* _WHAT NEEDS TO BE DONE_: What should be copied is the stretch of entries below from the line with "Green landscape with" up to and including the line with "Sew-in Push Up", exactly and without images.

* _SOURCE INFORMATION_:
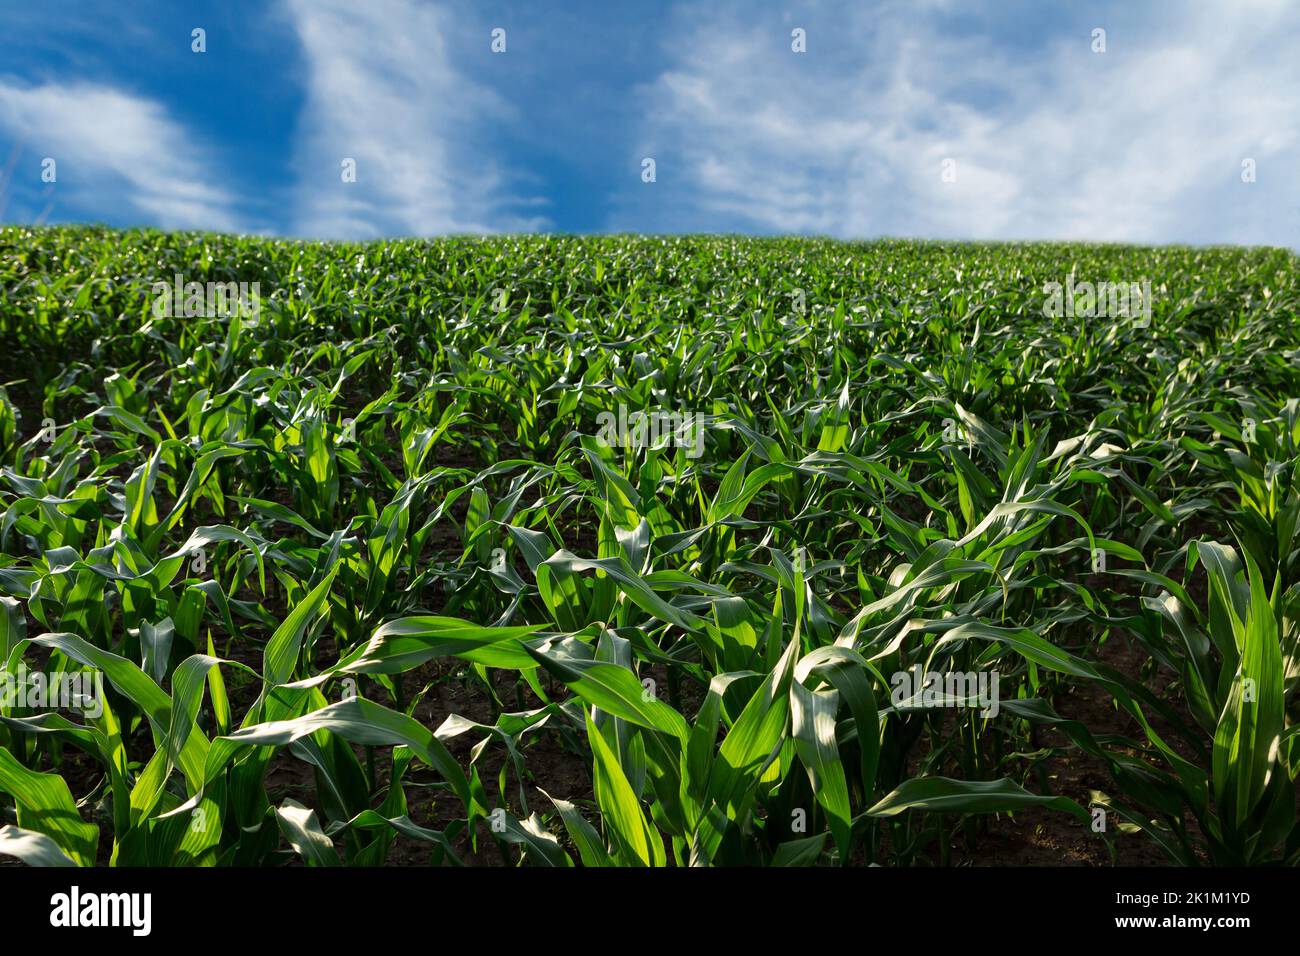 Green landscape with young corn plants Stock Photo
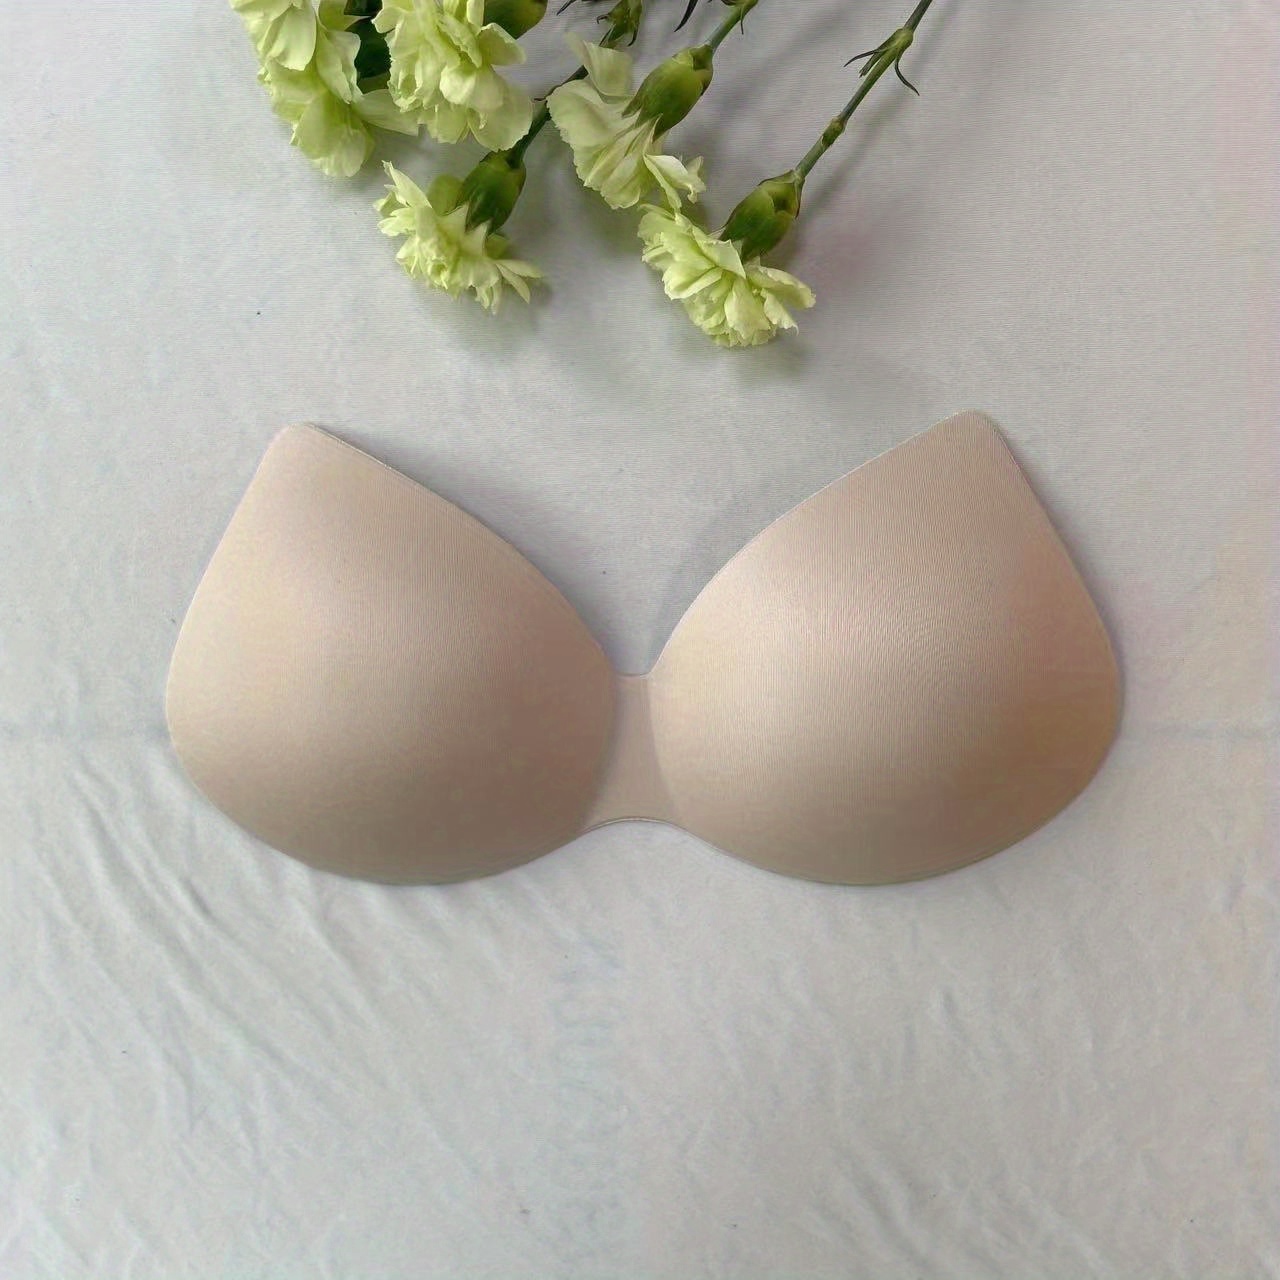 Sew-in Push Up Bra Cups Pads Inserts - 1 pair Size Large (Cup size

---

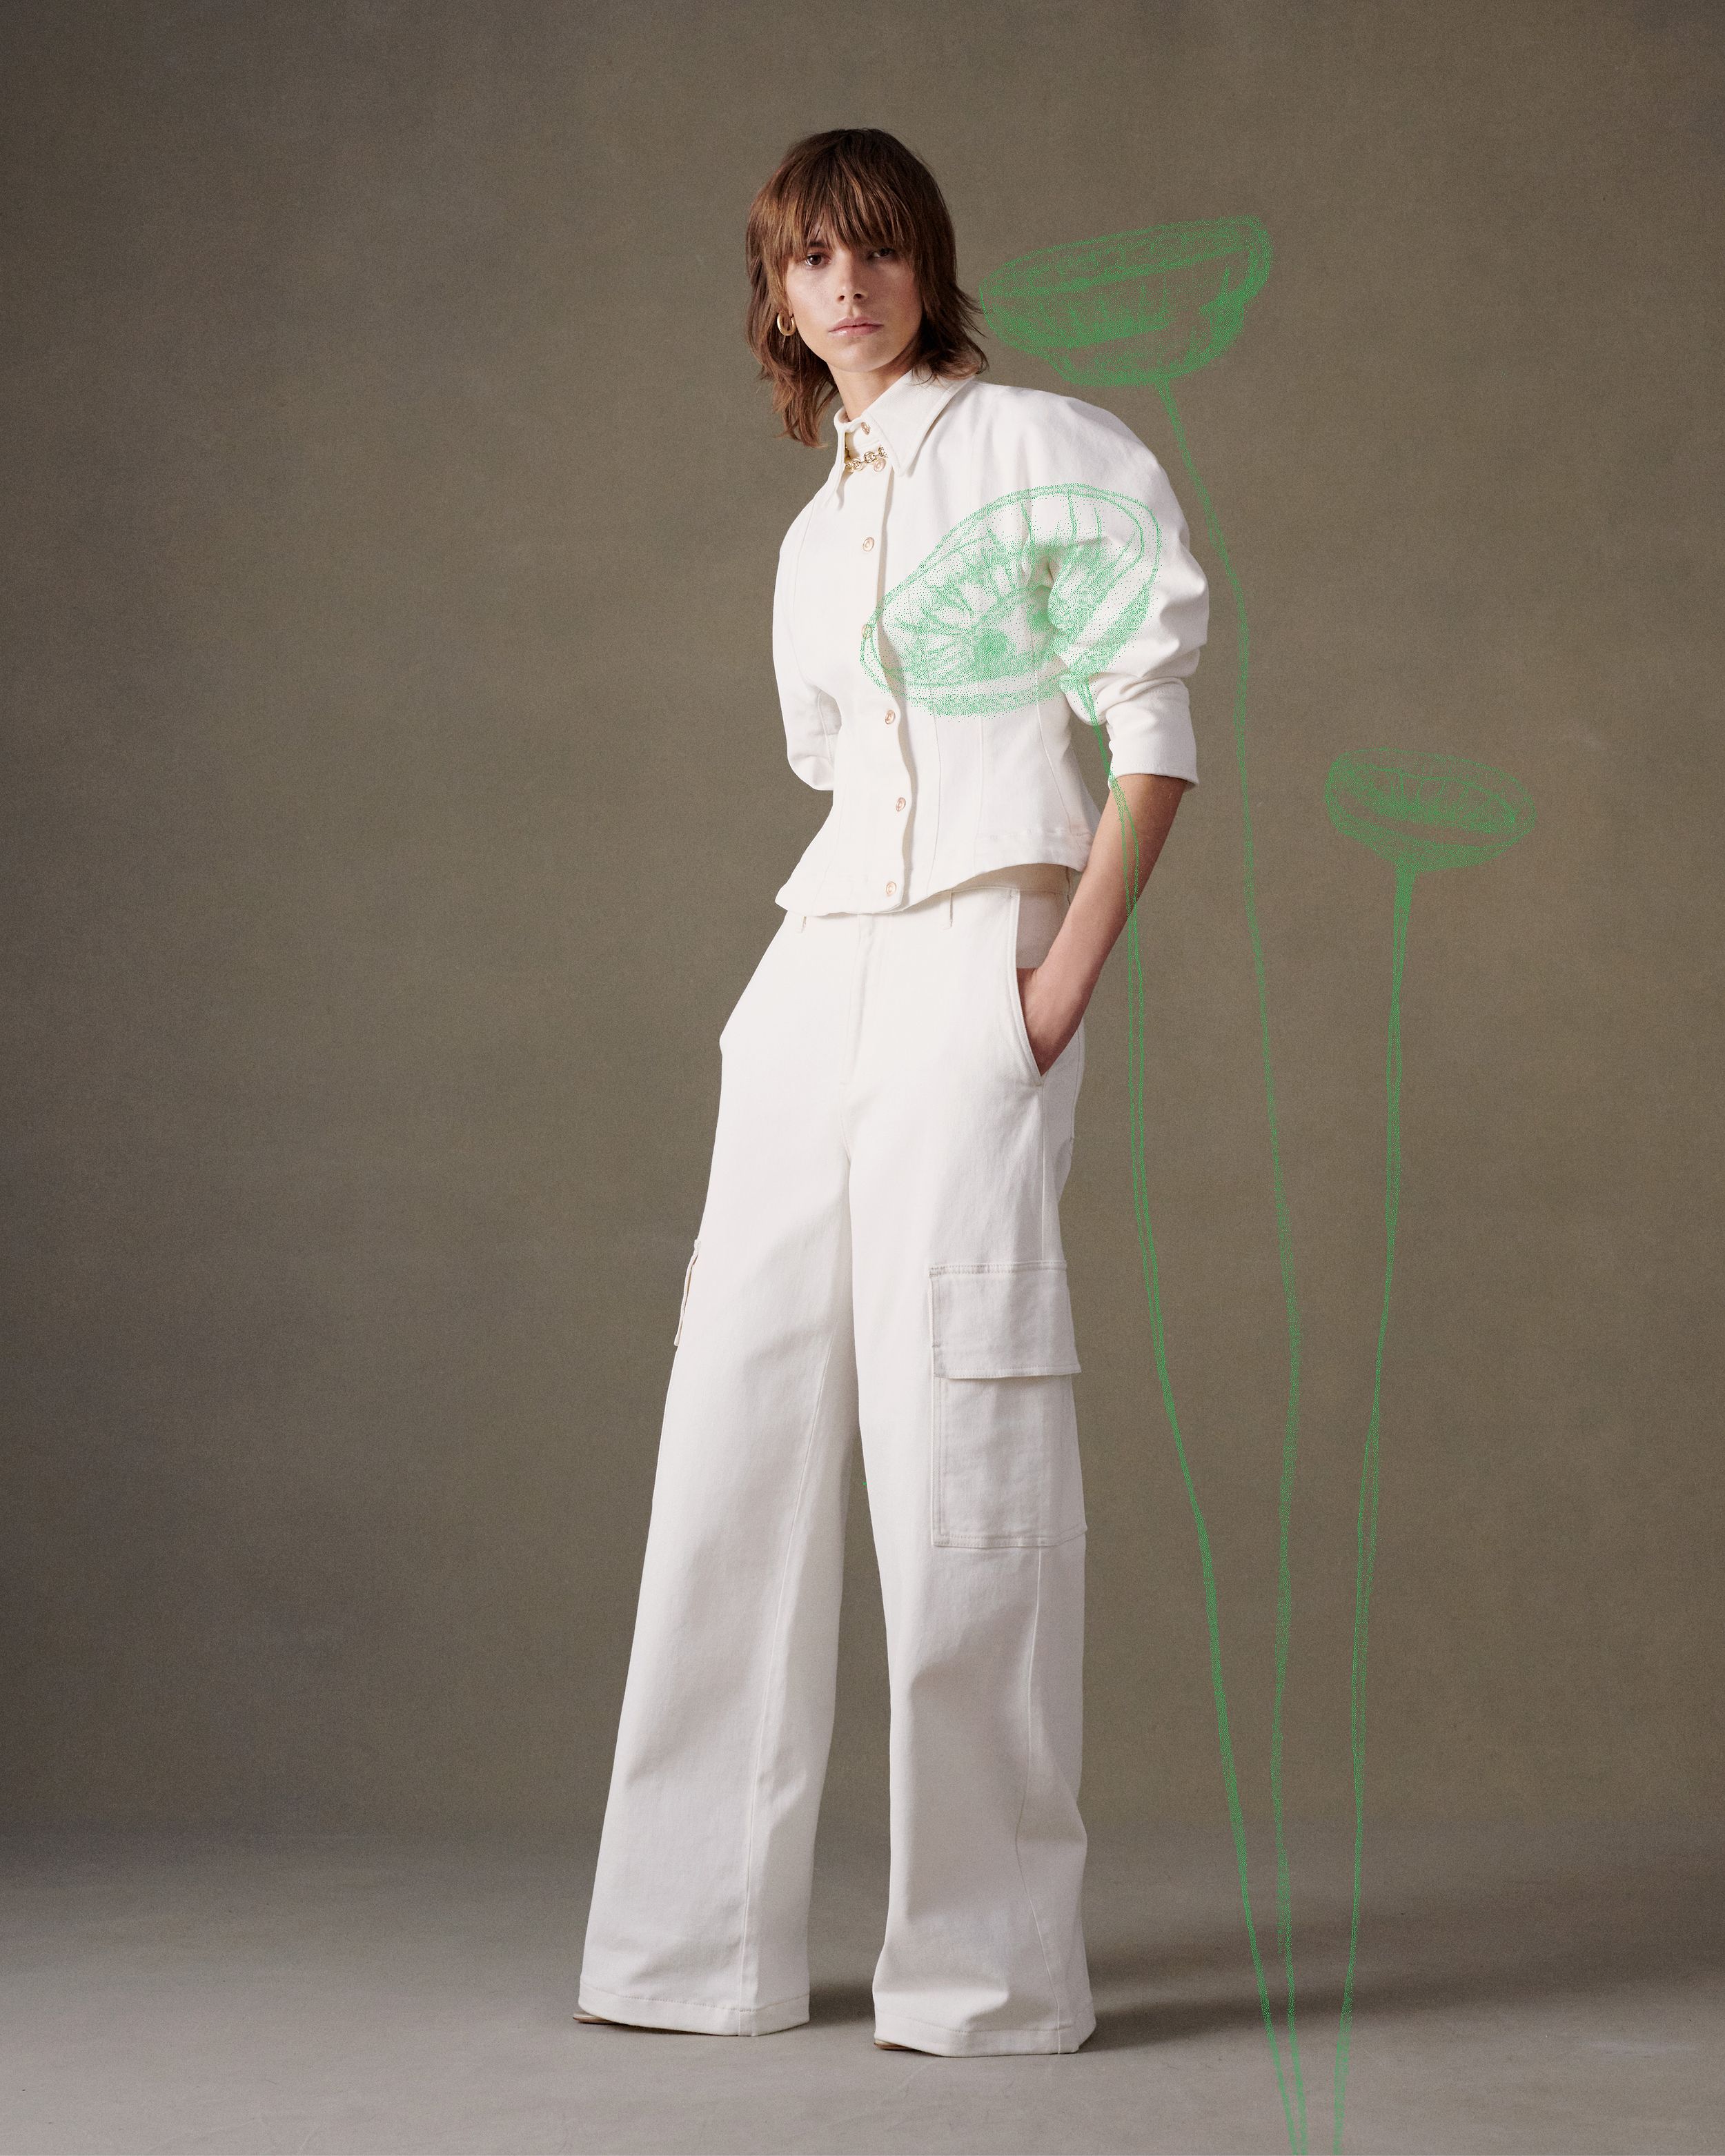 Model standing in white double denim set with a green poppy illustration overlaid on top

* _FINAL ANSWER_:
 Green landscape with young corn plants Stock Photo
 Sew-in Push Up Bra Cups Pads Inserts - 1 pair Size Large (Cup size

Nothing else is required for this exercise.